REQUIREMENT: Everything from the line containing "Mikrotik Dasar - ID Networkers certificate" to the last line of the listing below should be restated exactly, both ends included, with nothing added and the pictures omitted.

SUPPLIED MATERIAL:
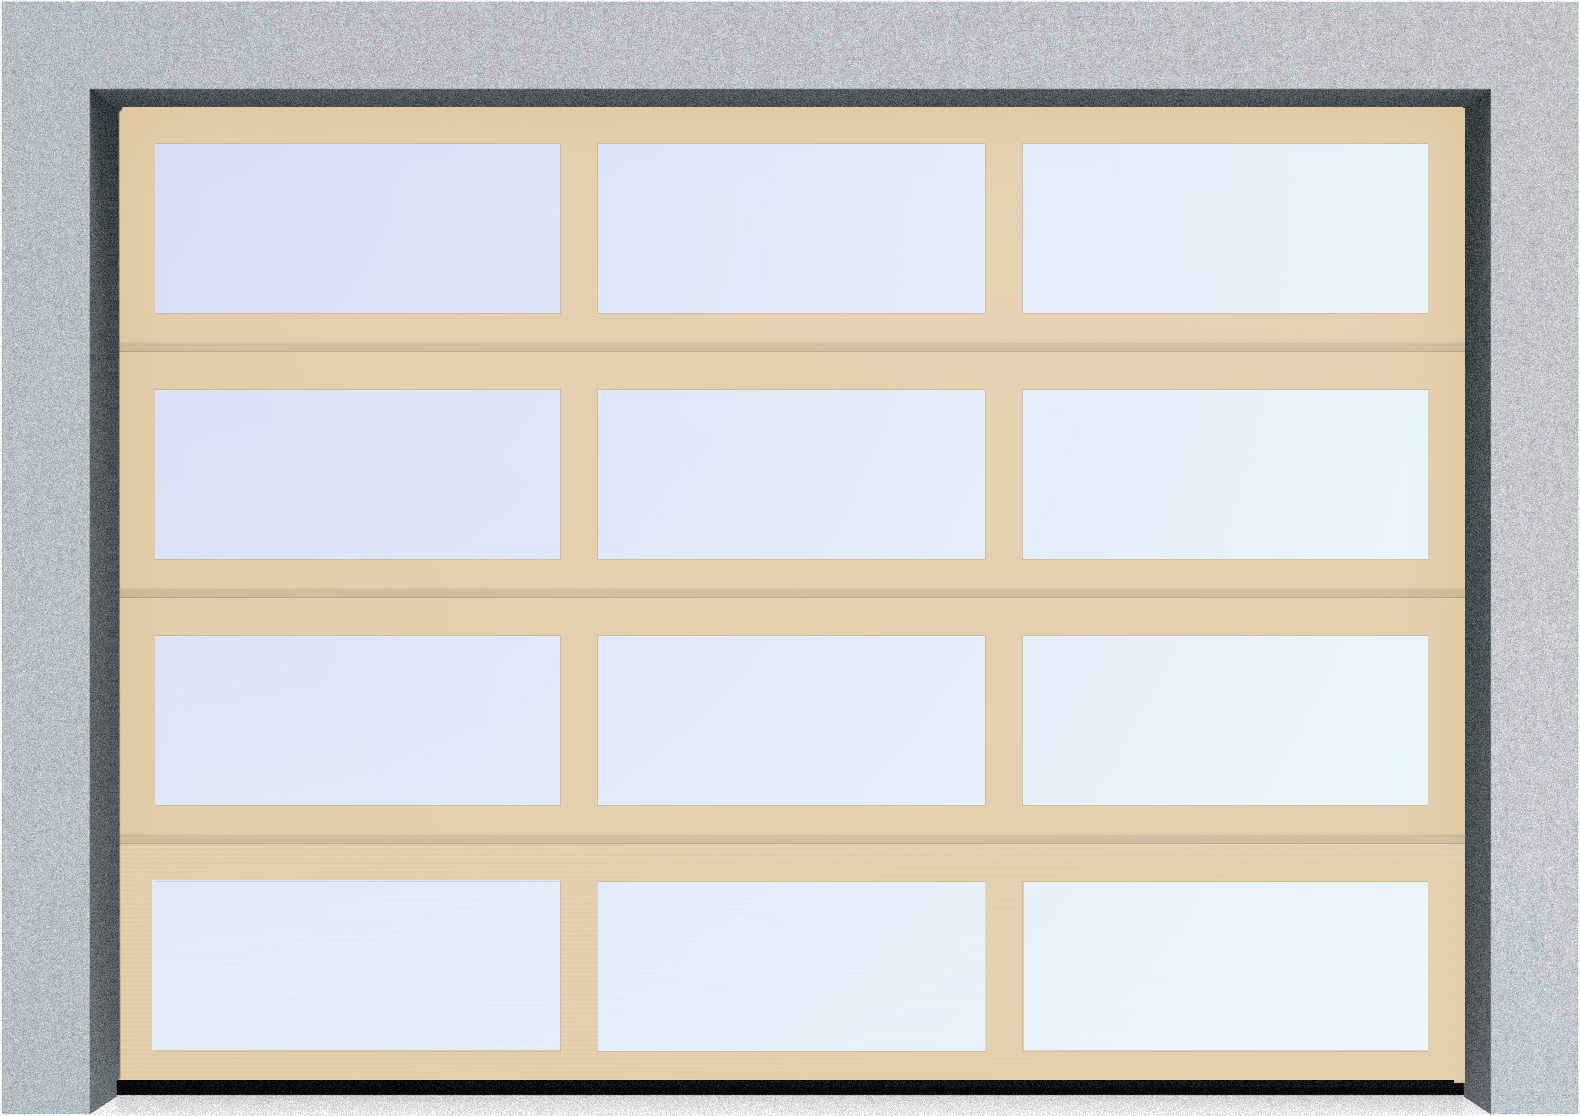  Секционные панорамные ворота серии AluTrend (АЛП) 2875х2125 нижняя панель стандартные цвета, фото 1 
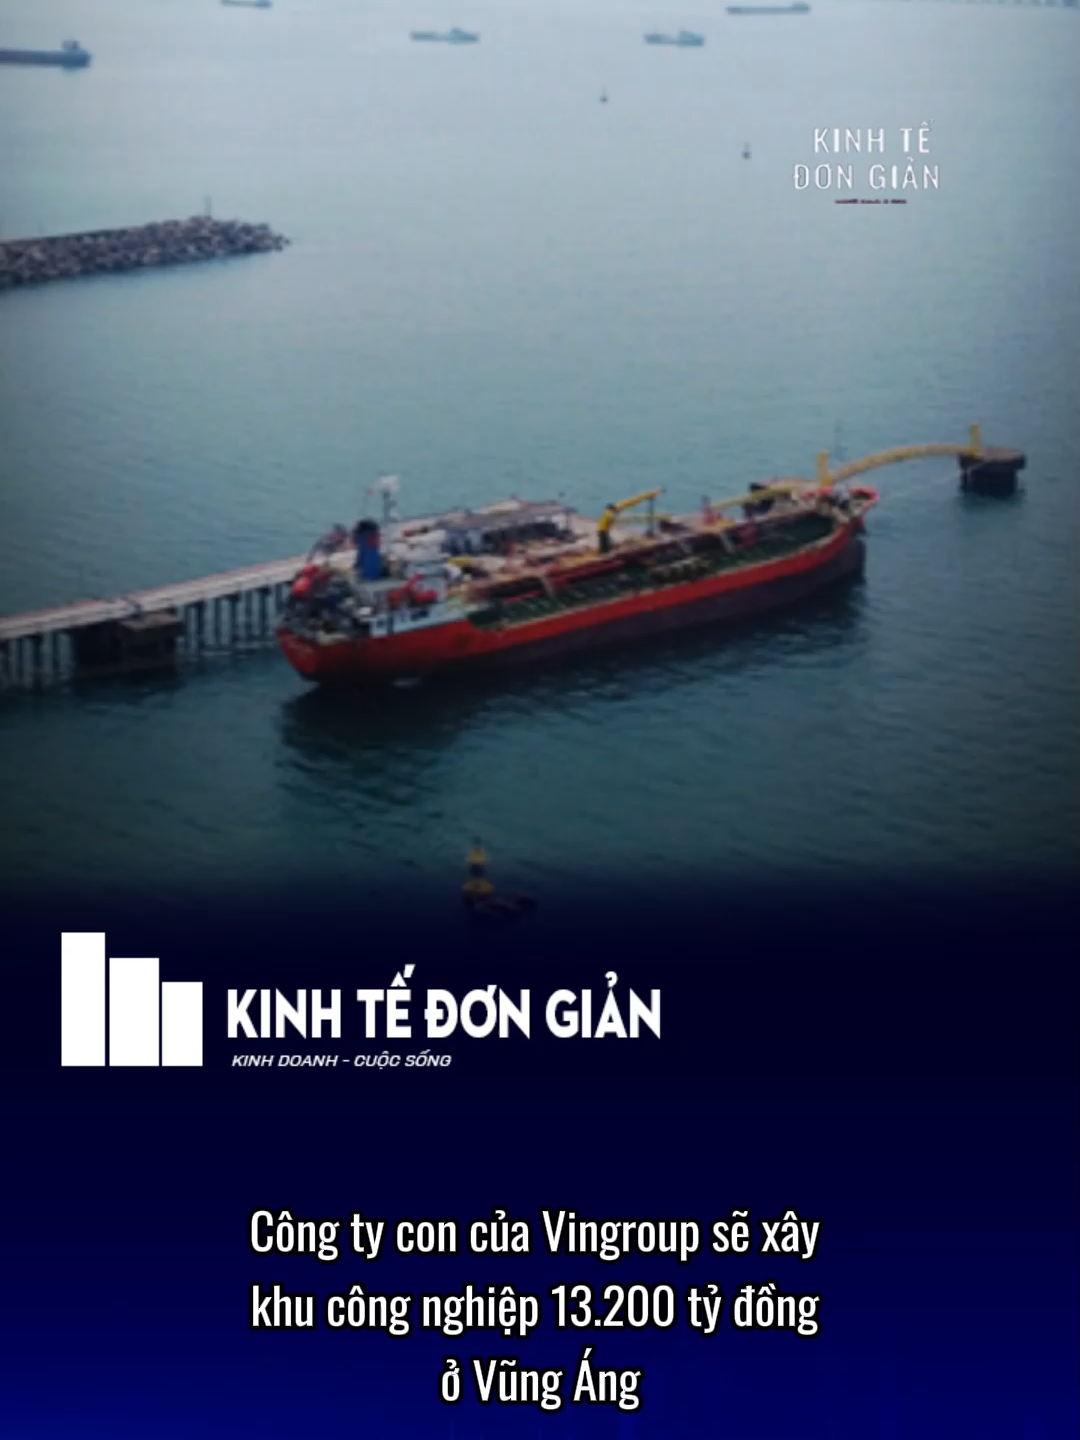 Công ty con của Vingroup sẽ xây khu công nghiệp 13.200 tỷ đồng ở Vũng Áng.  #kinhtedongian #resvietnam
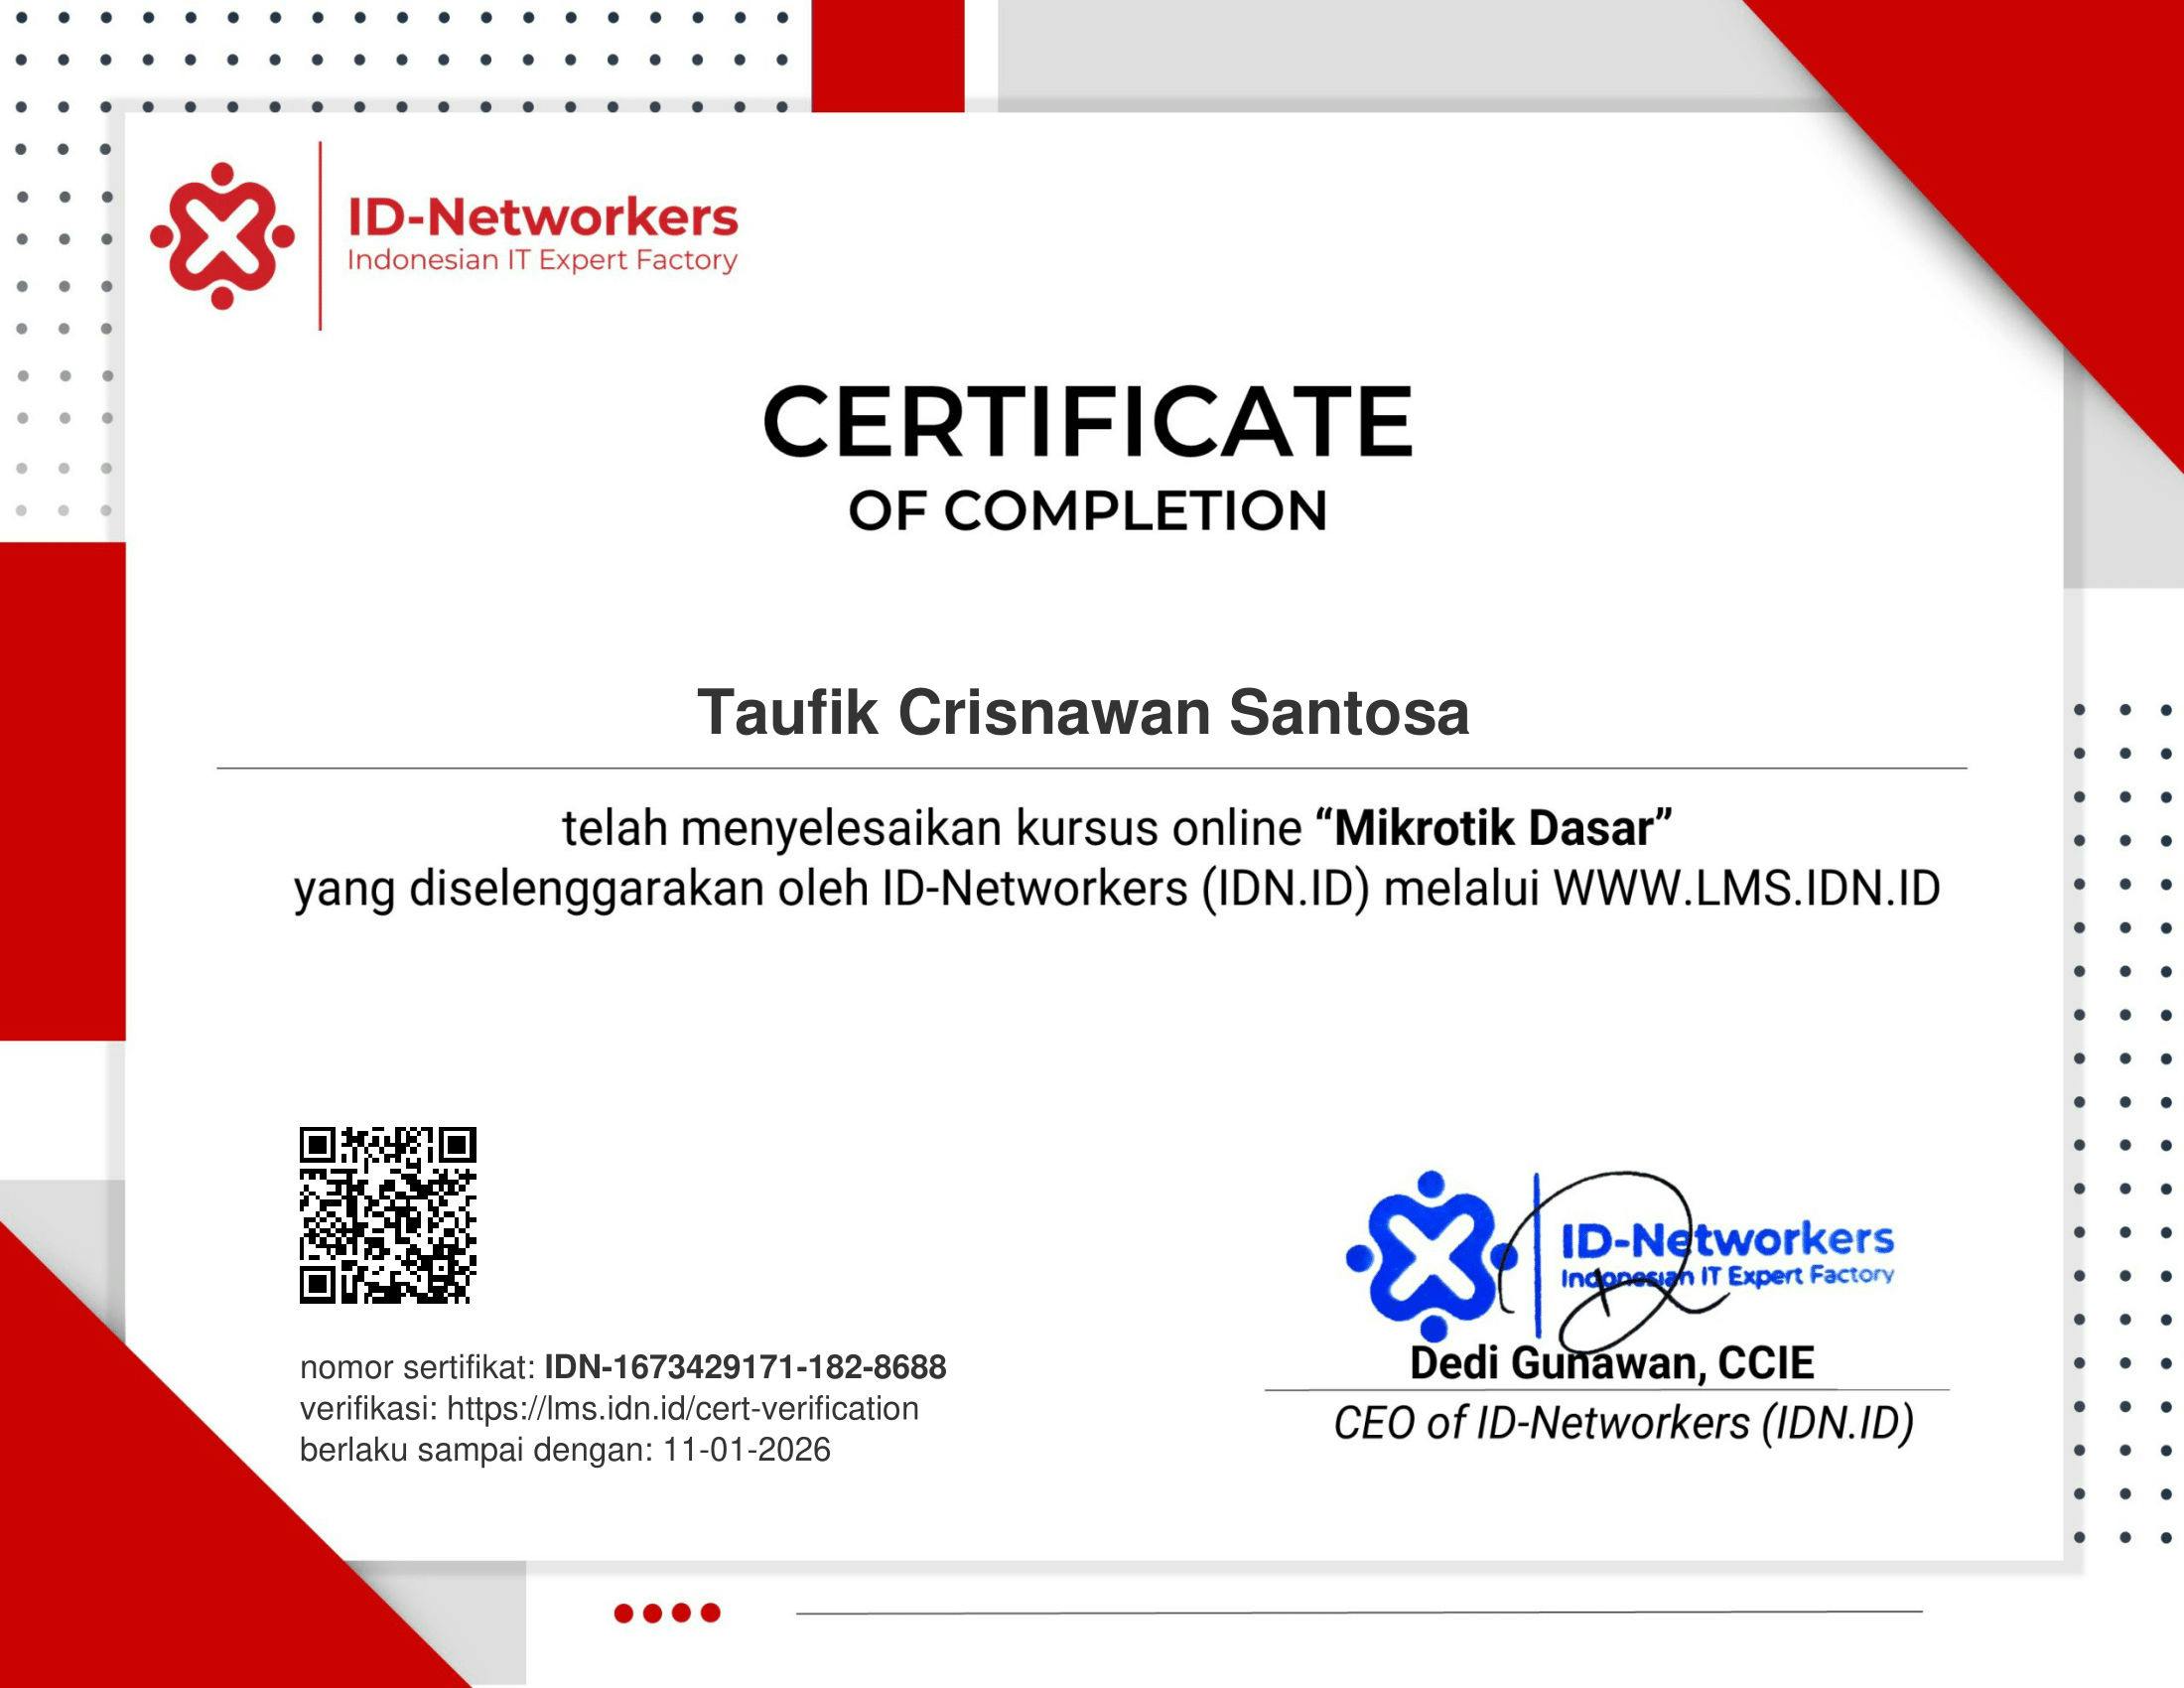 Mikrotik Dasar - ID Networkers certificate
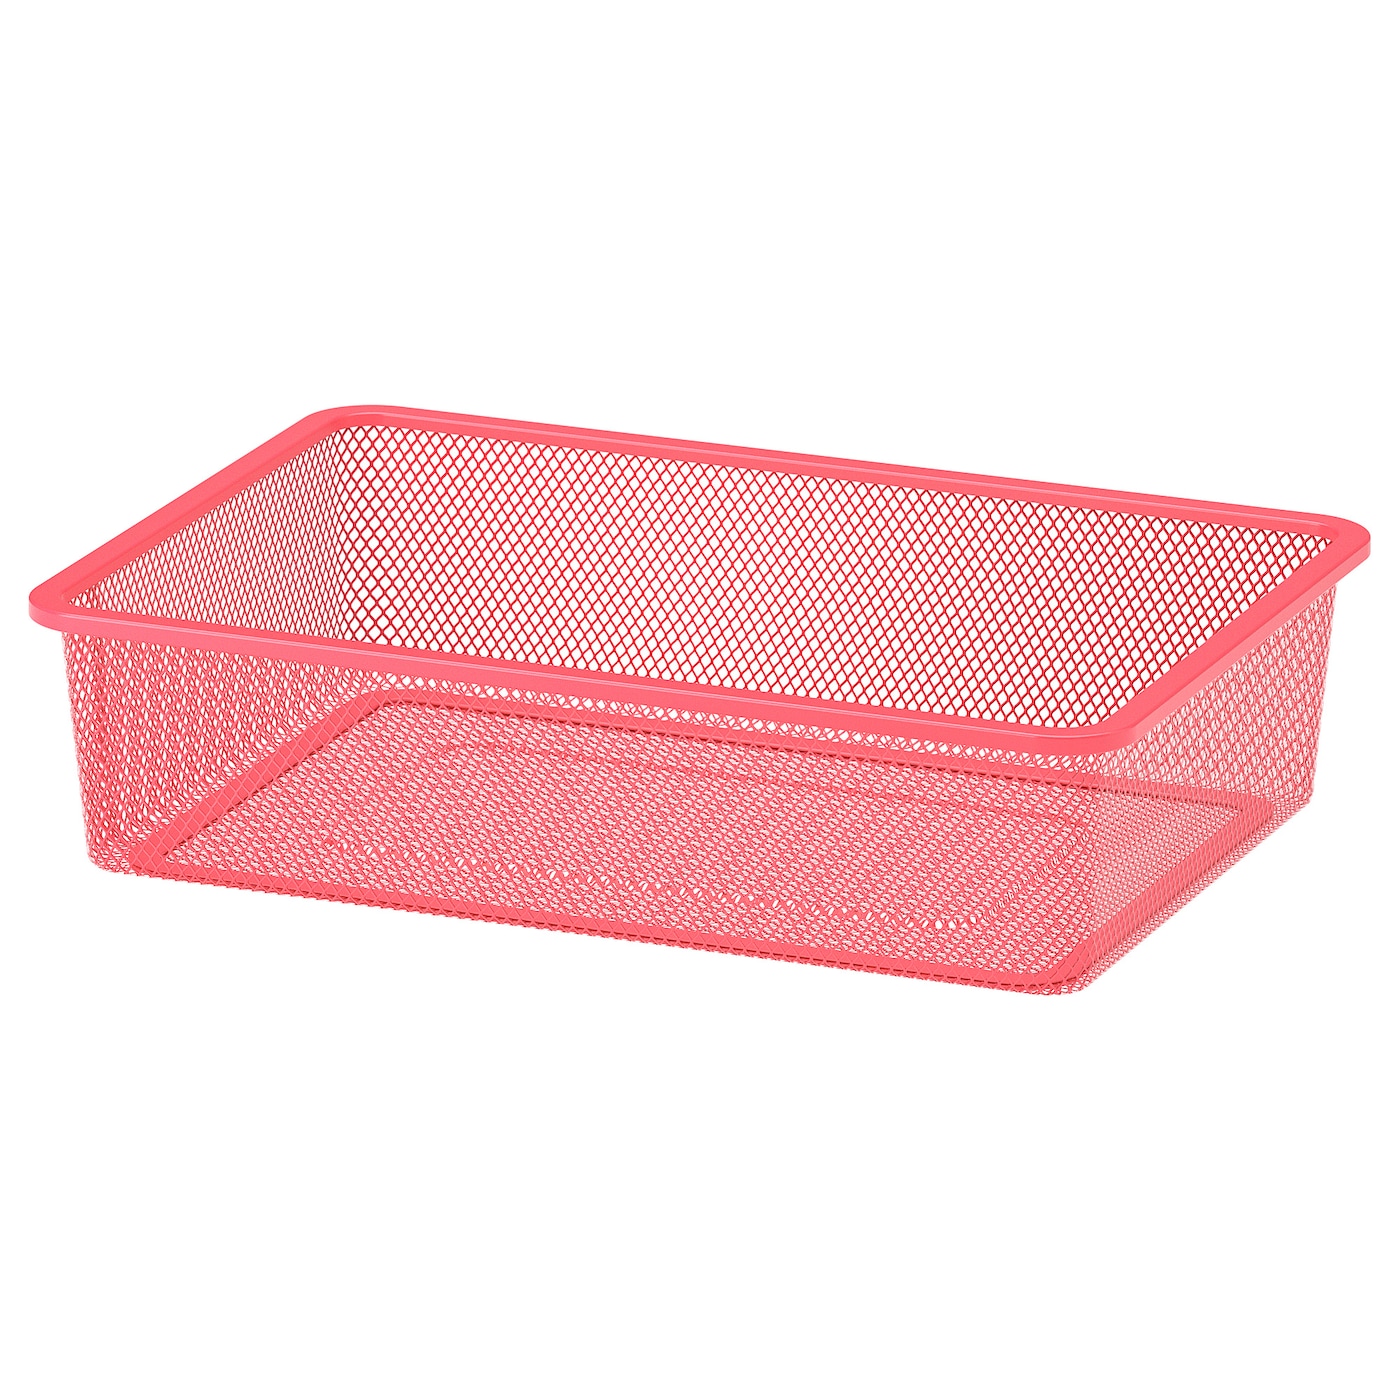 Ящик для хранения игрушек - TROFAST IKEA/ ТРУФАСТ ИКЕА, 42x30x10 см, розовый

COMPLETED TASK:
 Mikrotik Dasar - ID Networkers certificate
 Ящик для хранения игрушек - TROFAST IKEA/ ТРУФАСТ ИКЕА, 42x30x10 см, розовый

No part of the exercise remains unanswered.